宮崎日日の記事はご紹介頂いて知りました。大変なのはその
通りだと思いますが,それは三者が努力して解決すべきことだ
と思います。裁判員裁判には独自の工夫や対応が必要ですが,
それは大騒ぎするほどのことでもないと思っています。きちんと
研修を受けて,慣れればできます。本当に大変なのは,裁判員
裁判であろうと裁判官の裁判であろうと,事実と証拠に基づいて
判断者を説得することです。準備に要する時間にさほど大きな
違いはないと私は思います。要するに,付加される時間は図表
の作成など,わかりやすくさせる工夫の部分だと思います。

裁判員裁判の公判期日が入るおよそ1週間の間,他の事件が
できないことは記事の指摘の通りですが,その期日も何か月も
前に指定されますから,不便であっても調整は可能だと思いま
す。

それでも対応できないところでは,法テラスのスタッフ弁護士を
裁判員裁判用に配置して,2人目の国選弁護人として対応させ
るなどの工夫が考えられると思います。

国選弁護報酬に関する北弁連の資料については知りません。
孫引きされているブログを見つけましたが,原典に当たらない
と何ともコメントできません。
もしかしたらデフレの影響などもあるかもしれません。
適切な資料があればご教示下さい。

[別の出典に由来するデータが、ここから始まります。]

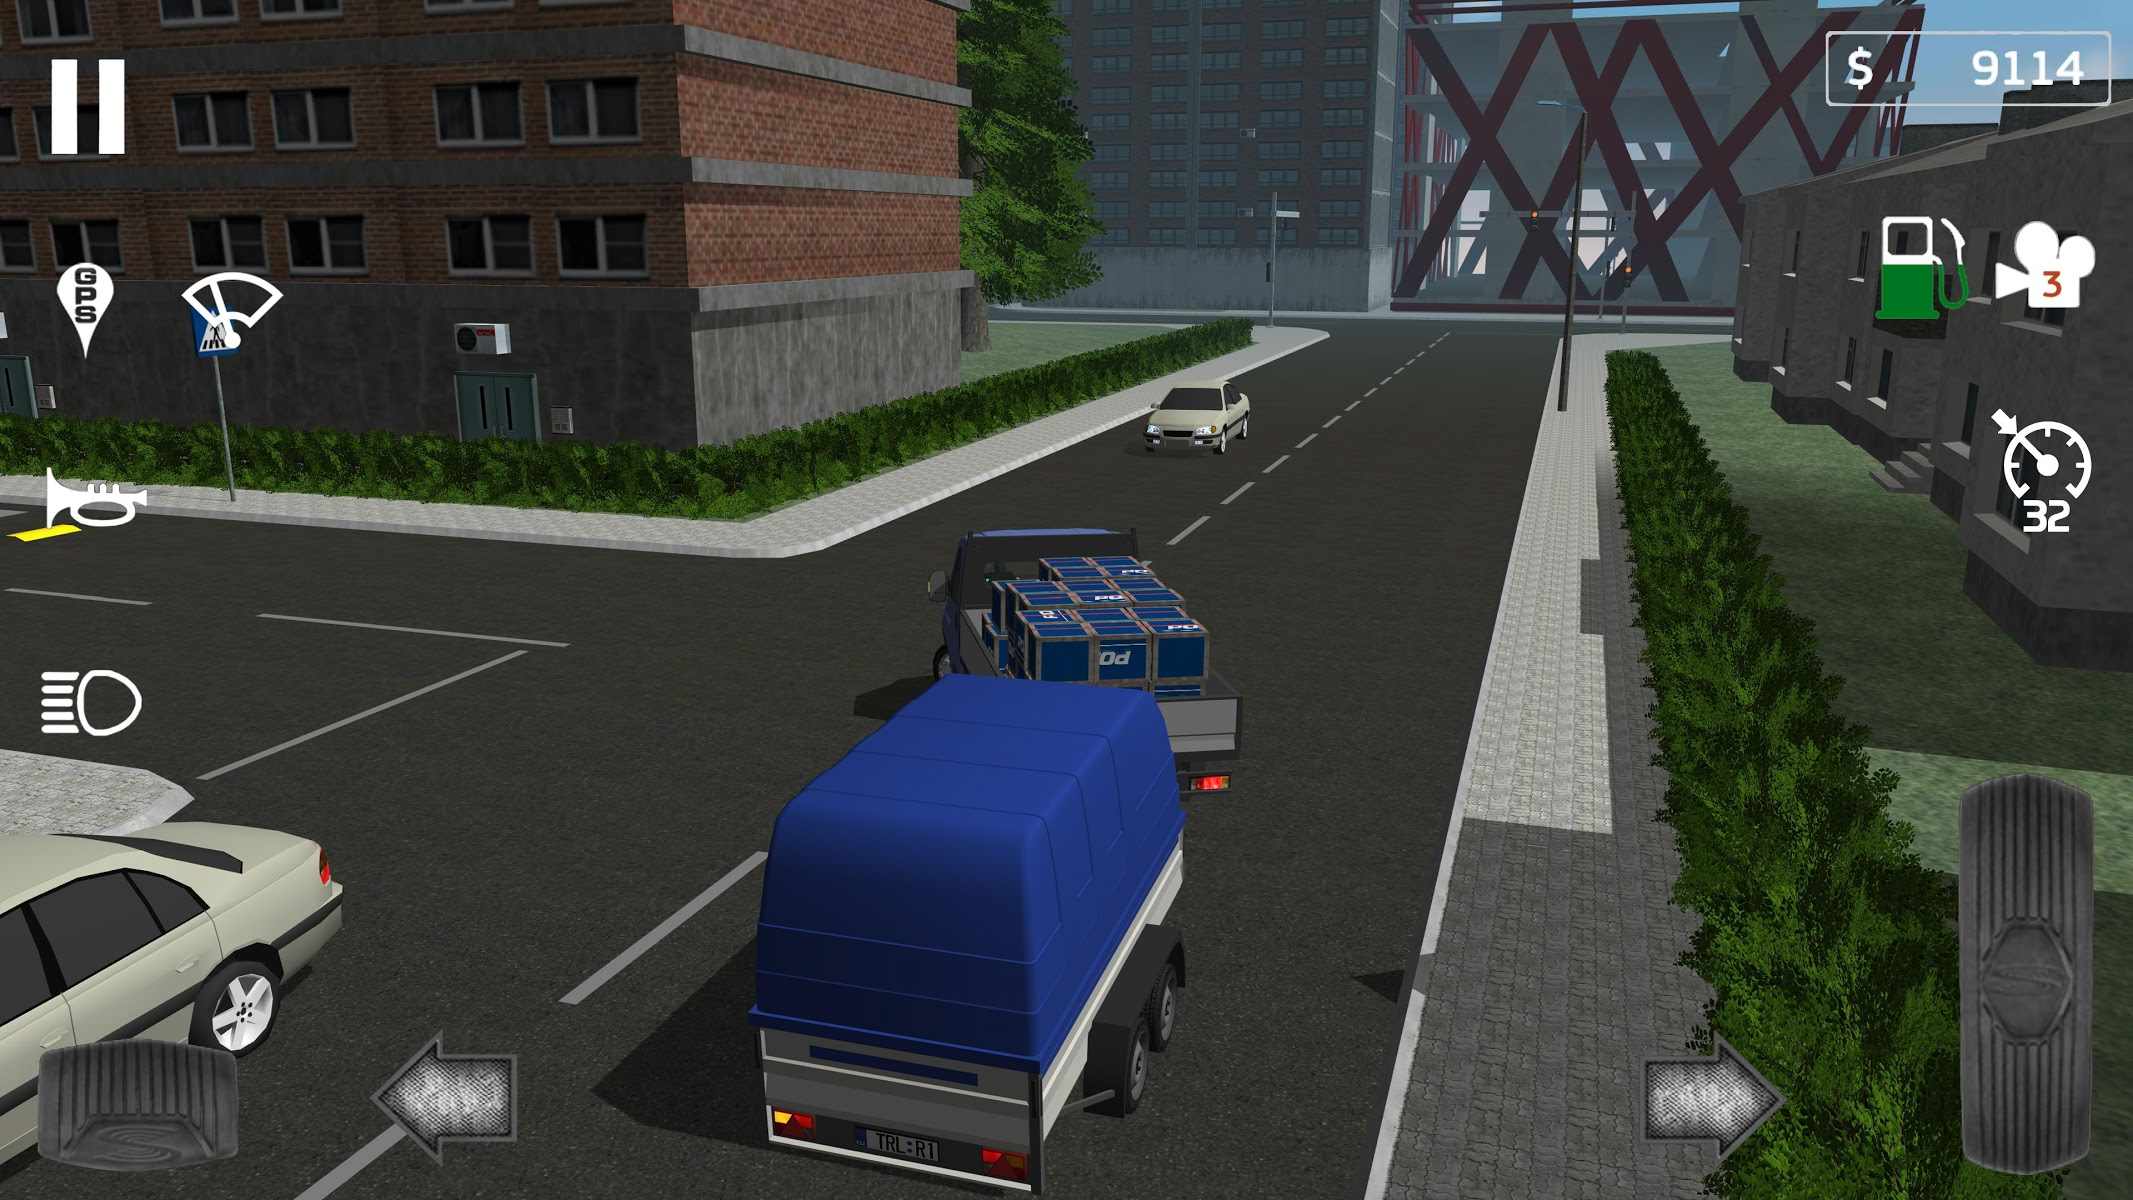 دانلود Cargo Transport Simulator 1.15.2 – بازی شبیه سازی کامیون باربری اندروید

ご指摘の北弁連資料は北弁
連に問い合わせれば入手可能でしょうか。

ありがとうございます。

北海道弁護士連合会の
「国選弁護に対する報酬の大幅増額を求める決議」は、
下記のURLに掲載されています。
http://www.dobenren.org/activity/h19ketsugi03.html

基礎となるデータは、道弁連にてお持ちではないかと思われます。